Again: if you wander into some church and there see a statue of our Lady and people kneeling near it saying their prayers; if you see them using the rosary; if in a service you hear them singing hymns in honor of our Lady; then you may be perfectly certain what is being taught about our Lord. You will understand that these devotions to our Lady which some of your friends shake their heads at, are in reality the outworks that defend the central citadel of the faith--our belief in the Incarnation and the absolute divinity of our Lord. Devotion to our Lady can exist only where there is perfect devotion to our Lord. And as has been said, You cannot love our Lady too much, if you love our Lord more.

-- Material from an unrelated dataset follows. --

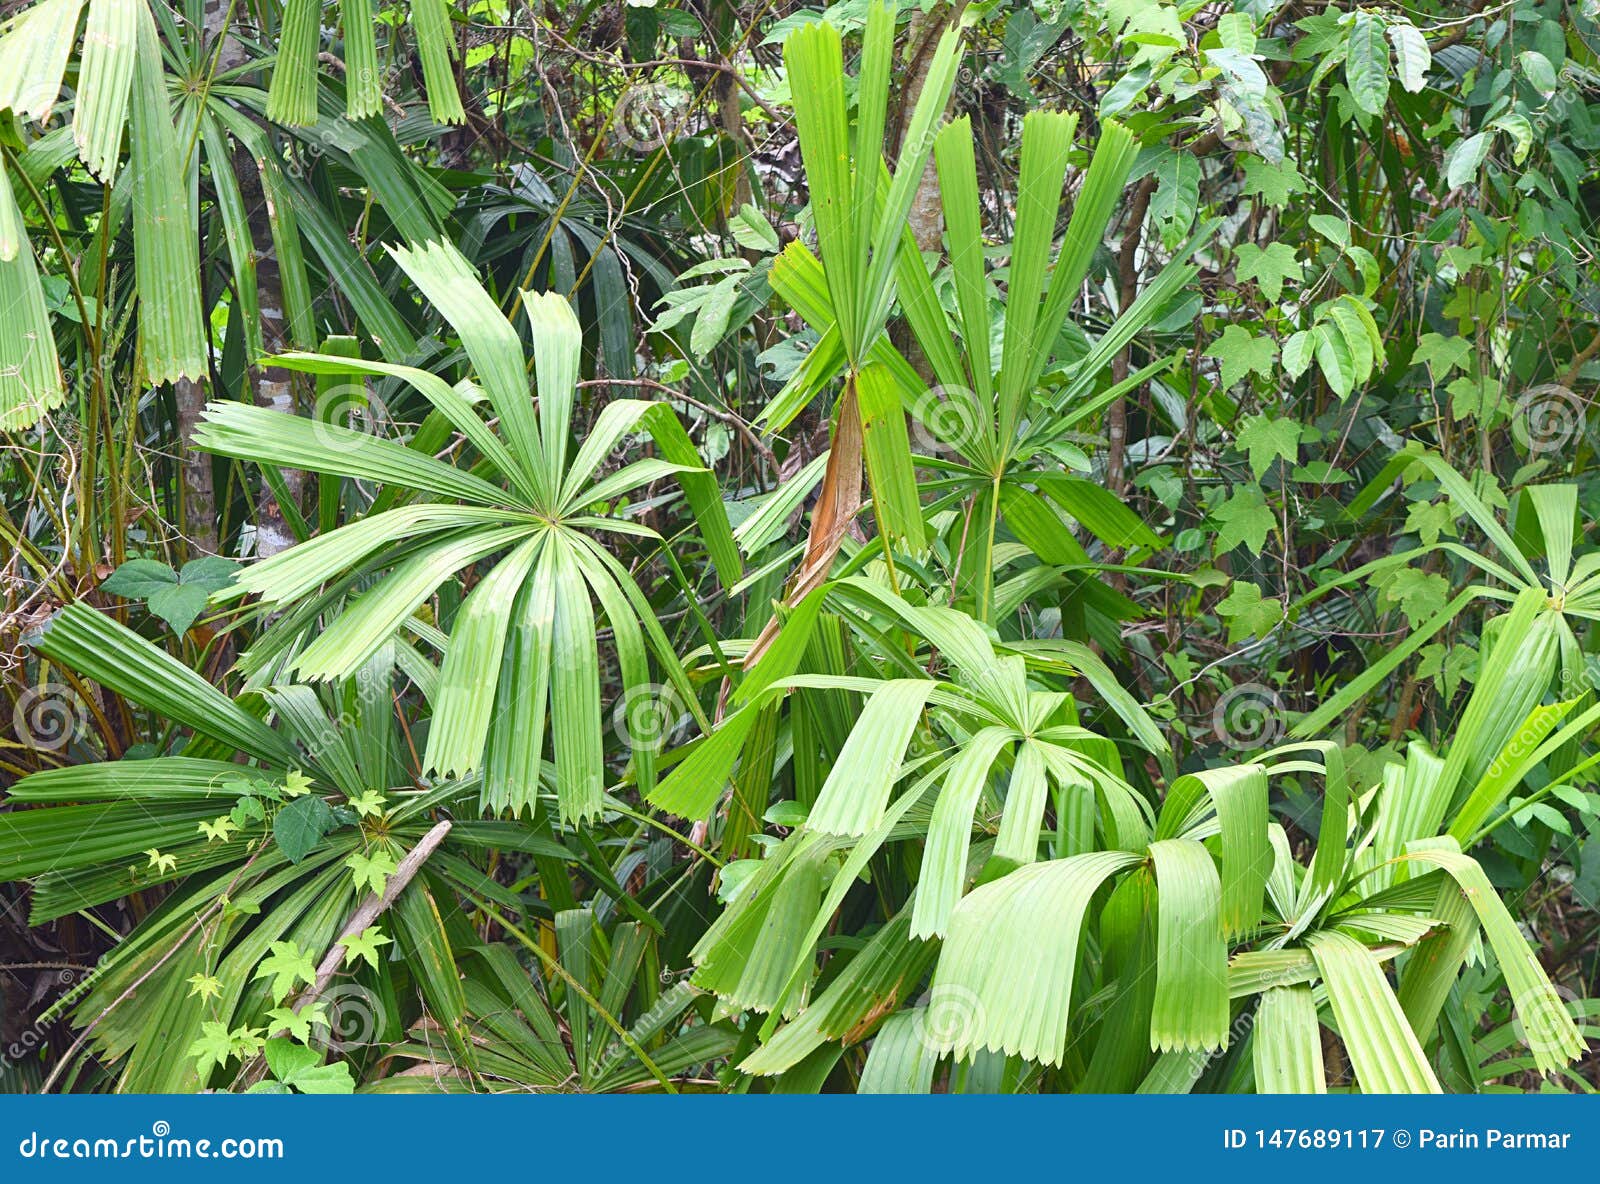 Mangrove Fan Palm Or Good Luck Palm Licuala Spinoa From Arecaceae Family Flora And Forest In Andaman Nicobar Islands India Stock Image Image Of Ecology Circular

I hear it said that S. Mary's used to be conservative. I would like to know when? Was it, by any chance, during those years in which Fr. Brown, with a little band of devoted laity, was laying the foundation of the S. Mary's of today? Would an examination of the contemporary utterances about the S. Mary's of fifty years ago impress you with the fact that what it stood for in the mind of the community was conservatism? I first visited S. Mary's thirty-five years ago this Advent. I heard Fr. Brown sing High Mass; I heard Fr. Betts preach; I had drifted in from a region where nothing of an ecclesiastical nature had happened for a hundred years, except an occasional change in the covering of the hassocks. I venture to say that I knew what conservatism is--and I did not recognize the services at S. Mary's as its ideal expression.
Conservatism does not consist in sitting tight in the place where you are; the proper designation of that attitude is sloth--and the Church teaches us that sloth is a mortal sin. Conservatism has its own uses and its own value; but it is not of much use in an aggressive campaign. S. Mary's has never been conservative and it never will be. It is not content with holding on to what it has received, it wants to enrich it. It takes radicalism to carry on an offensive campaign. There is a radicalism that is destructive; but there is also a radicalism that is constructive. And it is that radicalism, which does not propose to sit still under attack, but that arms itself and goes forth to the battle, that we find embodied in the ideals of S. Mary's. We have to defend the whole Catholic Faith. But before we can defend it, we must both hold and practice it to the limit.